X-UTF-32BE-BOM		X-UTF-32BE-BOM	Unicode 32-bit big ended, with a BOM definitely present.
X-UTF-32LE-BOM		X-UTF-32LE-BOM	Unicode 32-bit little ended, with a BOM definitely present.
x-windows-50220		x-windows-50220	Japanese Hiragana
x-windows-50221		x-windows-50221	Multilingual, Russian, Japanese, Greek
x-windows-874		x-windows-874	Windows Thai
x-windows-949		x-windows-949	Windows Korean
x-windows-950		x-windows-950	Windows Traditional Chinese

Where two fonts are shows separated by a /, the second one is the new version including the euro symbol. Adam Dingle did the research on how these encodings work.

Many new encodings were added in Java 1.4.1 and some were dropped. This list contains even the dropped items. Before you use an encoding, make sure it is supported by your version of Java.

Note that what Java and the HTML 4.0 specification call a character encoding is actually called a character set at IANA (Internet Assigned Numbers Authority) and in the HTTP (Hypertext Transfer Protocol) proposed standard.

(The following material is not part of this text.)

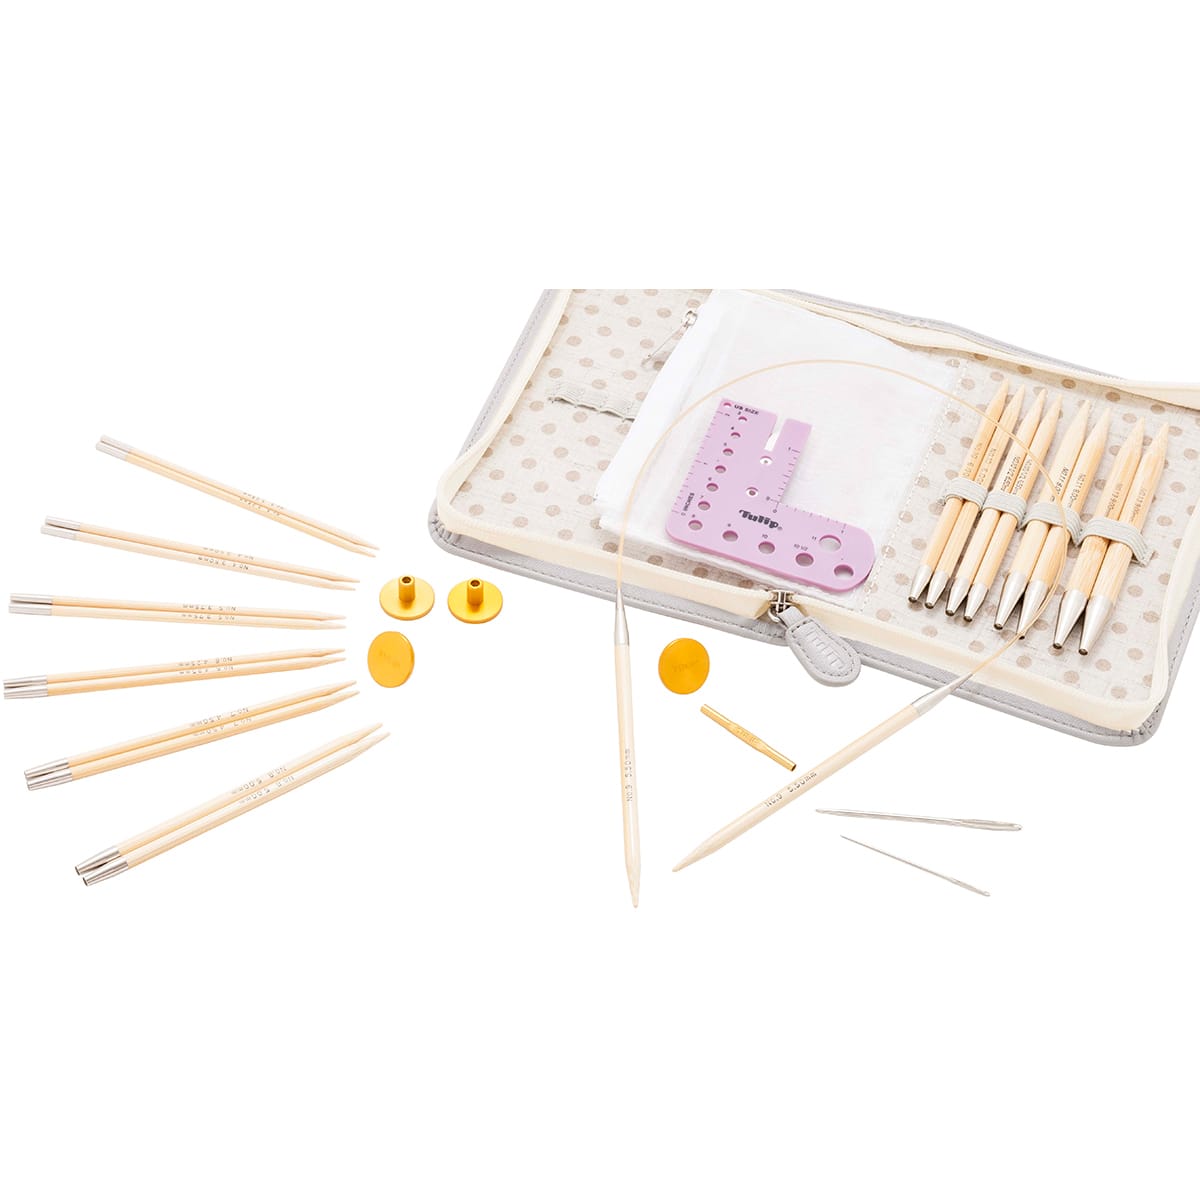 Double Ended Bamboo Knitting Needles Set, For Beginners And Professionals,  80 Pieces (16 Sizes X 5 Units), 2mm To 12mm, 25cm, With Canvas Storage Bag

I would like to do some experiments to find out for sure what happens with BOMs (Byte Order Marks) in various encodings. I discovered that native2ascii would not work with an BOM until I used x-UTF-16LE-BOM encoding.

Why So Many Encodings?

You may wonder why there are so many encodings, or why there are any at all. The reason is historical chaos. In the beginning, computers used a 4-channel, 16 possible characters, paper tape, allowing for only the hexadecimal characters 0..9 and A..F. To allow for alphabetic messages, not just numbers, two more channels of holes on the paper tape were added. This 6-bit, 64-character encoding allows digits, upper case A..Z and some punctuation. Every university or major computer installation invented its own code, allowing for the punctuations and symbols of most local importance.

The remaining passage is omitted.